As can be seen from the process, the key to efficient FOS production lies in the enzymes and immobilization technology used. Compared with free enzymes, immobilized enzymes not only prevent enzyme loss and improve storage stability, but also improve enzymatic properties to increase their utilization rate and allow for repeated use, thereby achieving large-scale continuous, controllable, and simple industrial production [9].

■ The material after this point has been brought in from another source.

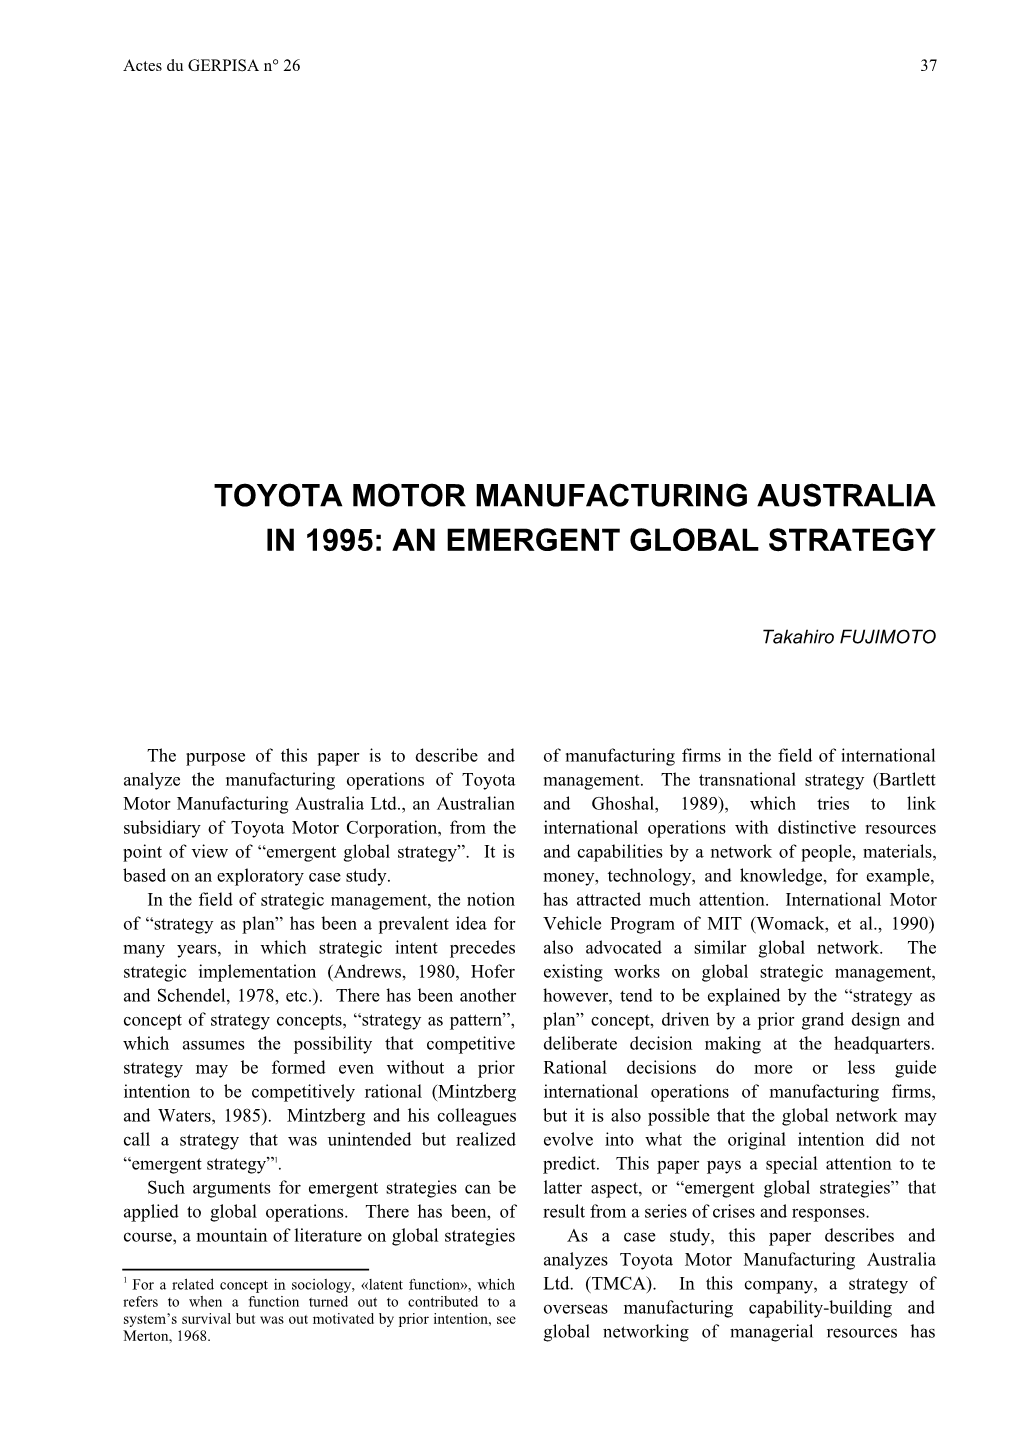 Toyota Motor Manufacturing Australia in 1995: an Emergent Global Strategy
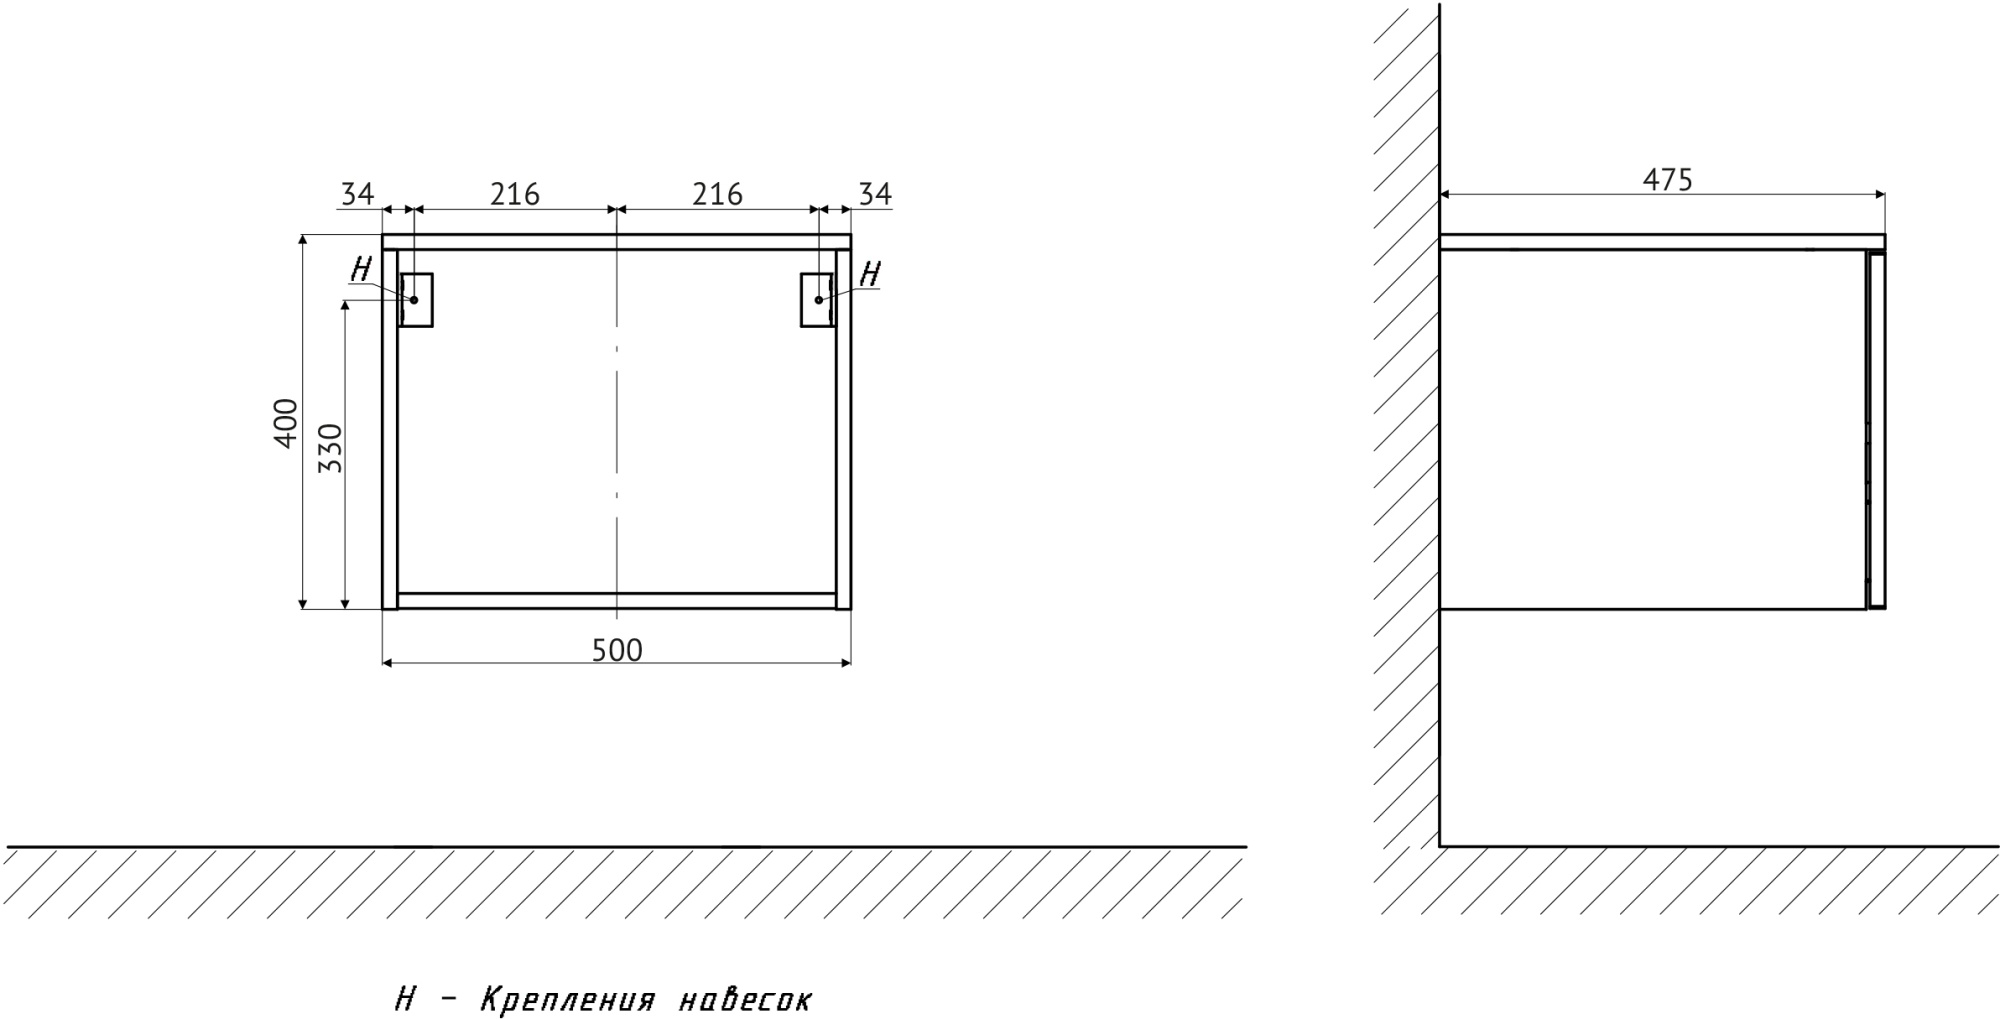  Комплект мебели STWORKI Ольборг 100 дуб карпентер, без отверстий, 2 тумбы 50

There are two main methods for preparing immobilized enzymes: physical and chemical. Physical methods include physical adsorption and embedding methods. Embedding materials mainly include agarose, carrageenan, gelatin, sodium alginate, polyacrylamide, cellulose, etc. Among them, sodium alginate is non-toxic, safe, low in price, and easy to obtain, and is one of the most commonly used embedding materials in the immobilization process [10]. Zhang Yuanyuan et al. [11] used sodium alginate embedding, gelatin-sodium alginate composite embedding and glutaraldehyde-sodium alginate covalent crosslinking to immobilize β-D-fructofuranosidase from Aspergillus niger. From a comprehensive analysis of practical production applications, immobilized enzyme activity, and the operational stability of immobilized enzymes, the glutaraldehyde-sodium alginate cross-linking method is better.

2.3 Other

High-purity FOS (P-F0S) is prone to degradation when heated. Lv Xiaoling et al. [12] determined the appropriate drying process conditions through single-factor testing: cold trap temperature -50 °C, pre-freezing rate 12 °C/h, time 5–6 h, radiant heating temperature 40–55 °C, vacuum degree 550–600 Pa, drying cycle 10 to 16 h, to obtain flake-like P-F0S, which is processed to obtain the P-FOS dry powder product. Meanwhile, with the continuous development of new technologies, new production technologies such as microbial separation (fermentation), nanofiltration separation, and simulated moving bed (chromatographic separation) have also been applied, which not only realize the simple, efficient, and safe production of FOS, but also greatly improve the quality of the product. This is a new trend for future development.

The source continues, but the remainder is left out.